Class Action Lawsuit Filed Against Logan Health Over Data Breach Logan Health and subsidiary, sister, and related entities are facing a legal action because of a data breach that happened in 2021 and impacted 213,543 patients of Logan Health Medical Center. Law firm Heenan & Cook filed the class action lawsuit in the U.S. District Court for the District of Montana Great Falls Division on behalf of plaintiff Allison Smeltz along with all individuals similarly affected by the health system’s alleged failure to keep the plaintiff’s and class members’ sensitive personal data secure. Logan Health reported the data breach in question in February 2022. The breach investigation results confirmed that unauthorized persons got access to its system from November 18, 2021 to November 22, 2021. The attackers acquired access to one file server keeping files that included patients’ protected health information (PHI) like names, contact details, insurance claim data, date(s) of service, medical insurance data, and medical bill account number. Logan Health stated it did not find any evidence of patient data misuse. It offered free credit monitoring and identity protection services to the impacted persons, and is implementing extra measures to avert the same data breaches.

Logan Health and subsidiary, sister, and related entities are facing legal action because of a data breach that happened in 2021 and impacted 213,543 patients of Logan Health Medical Center.

Law firm Heenan & Cook filed the class-action lawsuit in the U.S. District Court for the District of Montana Great Falls Division on behalf of plaintiff Allison Smeltz along with all individuals similarly affected by the health system’s alleged failure to keep the plaintiff’s and class members’ sensitive personal data secure.

Logan Health reported the data breach in question in February 2022. The breach investigation results confirmed that unauthorized persons got access to its system from November 18, 2021 to November 22, 2021. The attackers acquired access to one file server keeping files that included patients’ protected health information (PHI) like names, contact details, insurance claim data, date(s) of service, medical insurance data, and medical bill account number. Logan Health stated it did not find any evidence of patient data misuse. It offered free credit monitoring and identity protection services to the impacted persons and is implementing extra measures to avert the same data breaches

Based on the legal action, the cyberattack and data breach happened because Logan Health failed to provide enough and reasonable training to employees and/or implement adequate procedures and protocols. Logan Health and the other defendants should already know the value of PHI to hackers and the possibility of data breaches, considering the number of breaches being reported nowadays and the alerts given by Federal bureaus to the healthcare sector.

The lawsuit underlines that this is not the only data breach that has affected Logan Health. Logan Health had another breach report filed in January 2021 that impacted 2,081 Montanans, and one more in 2019 that impacted 126,805 Montanans when Logan Health was still known as Kalispell Regional Healthcare.

The lawsuit states that because of the failure to stop the data breach, affected individuals have encountered and will suffer damages, which include the exposure, publication, stealing and/or unauthorized usage of their PII/PHI, out-of-pocket expenses to prevent, detect, recover, and remediate identity theft or fraudulence, lost opportunity costs and lost salaries, and the continuing danger to their PII/PHI from the inability of Logan Health to employ proper safety measures to secure against data breaches.

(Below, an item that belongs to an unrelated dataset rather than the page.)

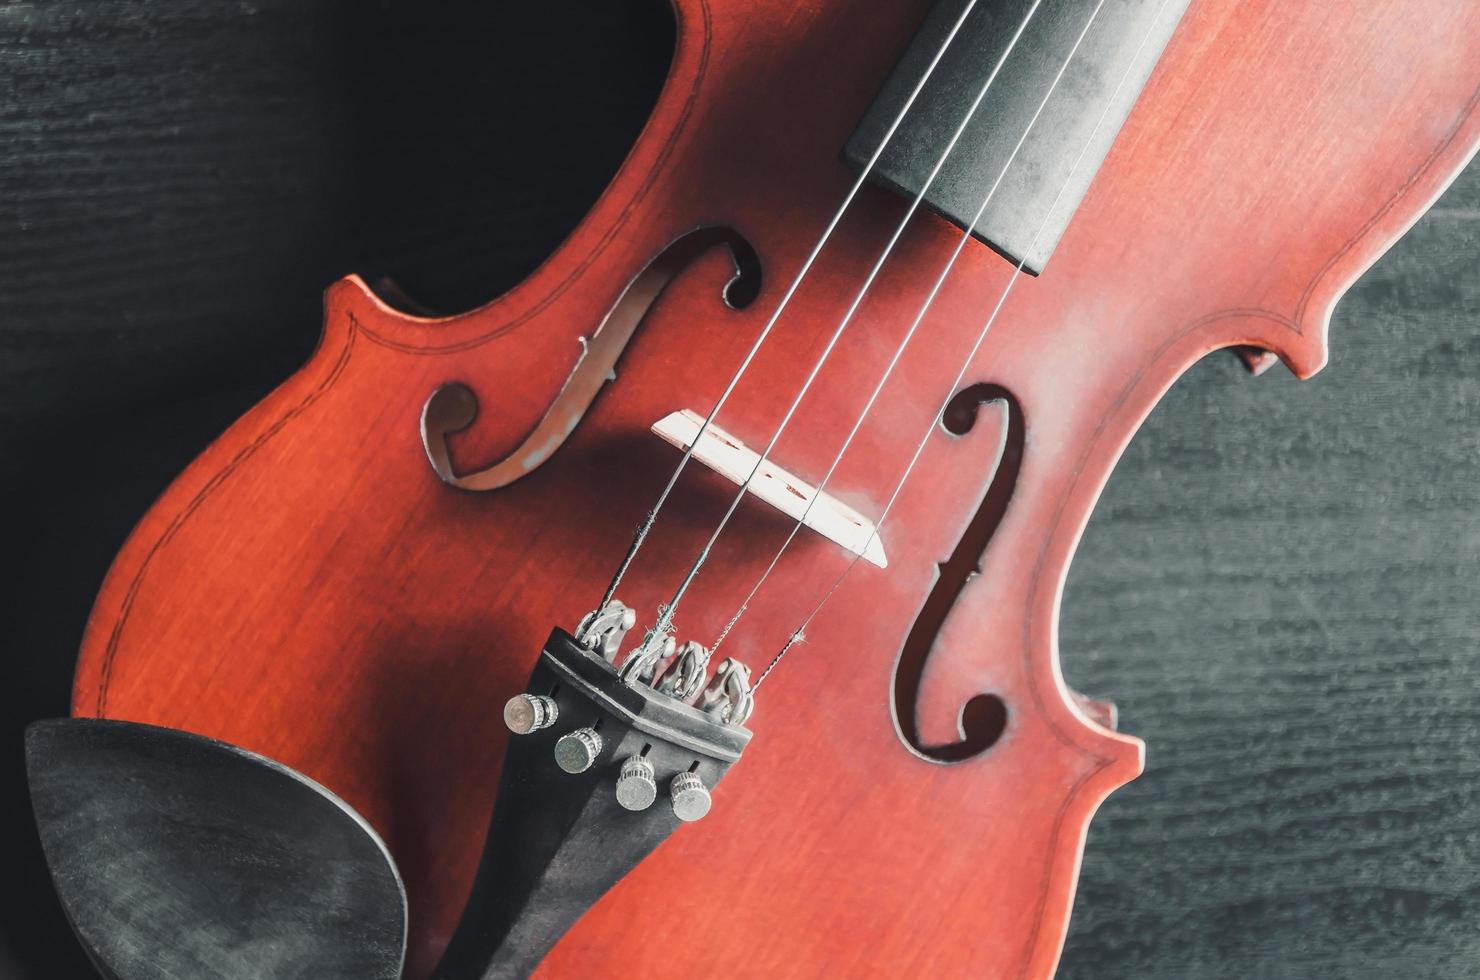 il violino sul tavolo, strumento musicale classico utilizzato nell'orchestra. foto

The lawsuit states a number of causes of action, such as negligence, breach of privacy, unjust enrichment, breach of implied contract, and breach of the Montana Consumer Protection Act, and claims Logan Health was unable to carry out the demands of the Health Insurance Portability and Accountability Act (HIPAA).

The lawsuit wants class-action status, injunctive relief, a jury trial, statutory, compensatory, and punitive damages, in addition to attorneys’ service fees.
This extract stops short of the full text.